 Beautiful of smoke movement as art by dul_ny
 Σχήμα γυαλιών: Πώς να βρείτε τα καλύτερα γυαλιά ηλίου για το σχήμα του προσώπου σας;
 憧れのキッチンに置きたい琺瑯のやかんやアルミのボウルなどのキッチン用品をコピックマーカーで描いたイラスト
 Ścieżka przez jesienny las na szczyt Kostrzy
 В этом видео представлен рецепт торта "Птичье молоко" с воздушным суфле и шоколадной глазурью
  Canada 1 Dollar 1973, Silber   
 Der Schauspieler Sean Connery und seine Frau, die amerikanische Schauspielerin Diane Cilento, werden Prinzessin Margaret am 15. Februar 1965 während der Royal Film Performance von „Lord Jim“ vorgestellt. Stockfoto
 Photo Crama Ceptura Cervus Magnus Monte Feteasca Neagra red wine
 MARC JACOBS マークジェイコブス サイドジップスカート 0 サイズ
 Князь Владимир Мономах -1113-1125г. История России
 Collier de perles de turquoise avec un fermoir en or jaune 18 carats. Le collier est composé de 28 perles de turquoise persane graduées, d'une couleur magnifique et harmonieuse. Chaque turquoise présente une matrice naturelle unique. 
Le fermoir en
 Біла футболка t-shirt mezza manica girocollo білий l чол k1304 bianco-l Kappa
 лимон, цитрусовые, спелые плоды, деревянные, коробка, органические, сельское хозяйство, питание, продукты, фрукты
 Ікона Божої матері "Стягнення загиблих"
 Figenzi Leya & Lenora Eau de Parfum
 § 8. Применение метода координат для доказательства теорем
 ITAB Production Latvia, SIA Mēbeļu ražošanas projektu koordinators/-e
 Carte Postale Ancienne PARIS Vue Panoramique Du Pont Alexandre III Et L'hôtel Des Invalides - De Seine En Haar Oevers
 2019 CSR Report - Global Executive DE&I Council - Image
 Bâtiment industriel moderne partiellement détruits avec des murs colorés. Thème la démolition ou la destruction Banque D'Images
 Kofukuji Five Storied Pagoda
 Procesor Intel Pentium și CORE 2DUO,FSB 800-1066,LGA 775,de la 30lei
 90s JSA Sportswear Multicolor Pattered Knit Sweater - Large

▸ WORK REQUEST: Give all the records again. Match them exactly.

▸ TASK ANSWER:
 Beautiful of smoke movement as art by dul_ny
 Σχήμα γυαλιών: Πώς να βρείτε τα καλύτερα γυαλιά ηλίου για το σχήμα του προσώπου σας;
 憧れのキッチンに置きたい琺瑯のやかんやアルミのボウルなどのキッチン用品をコピックマーカーで描いたイラスト
 Ścieżka przez jesienny las na szczyt Kostrzy
 В этом видео представлен рецепт торта "Птичье молоко" с воздушным суфле и шоколадной глазурью
  Canada 1 Dollar 1973, Silber   
 Der Schauspieler Sean Connery und seine Frau, die amerikanische Schauspielerin Diane Cilento, werden Prinzessin Margaret am 15. Februar 1965 während der Royal Film Performance von „Lord Jim“ vorgestellt. Stockfoto
 Photo Crama Ceptura Cervus Magnus Monte Feteasca Neagra red wine
 MARC JACOBS マークジェイコブス サイドジップスカート 0 サイズ
 Князь Владимир Мономах -1113-1125г. История России
 Collier de perles de turquoise avec un fermoir en or jaune 18 carats. Le collier est composé de 28 perles de turquoise persane graduées, d'une couleur magnifique et harmonieuse. Chaque turquoise présente une matrice naturelle unique. 
Le fermoir en
 Біла футболка t-shirt mezza manica girocollo білий l чол k1304 bianco-l Kappa
 лимон, цитрусовые, спелые плоды, деревянные, коробка, органические, сельское хозяйство, питание, продукты, фрукты
 Ікона Божої матері "Стягнення загиблих"
 Figenzi Leya & Lenora Eau de Parfum
 § 8. Применение метода координат для доказательства теорем
 ITAB Production Latvia, SIA Mēbeļu ražošanas projektu koordinators/-e
 Carte Postale Ancienne PARIS Vue Panoramique Du Pont Alexandre III Et L'hôtel Des Invalides - De Seine En Haar Oevers
 2019 CSR Report - Global Executive DE&I Council - Image
 Bâtiment industriel moderne partiellement détruits avec des murs colorés. Thème la démolition ou la destruction Banque D'Images
 Kofukuji Five Storied Pagoda
 Procesor Intel Pentium și CORE 2DUO,FSB 800-1066,LGA 775,de la 30lei
 90s JSA Sportswear Multicolor Pattered Knit Sweater - Large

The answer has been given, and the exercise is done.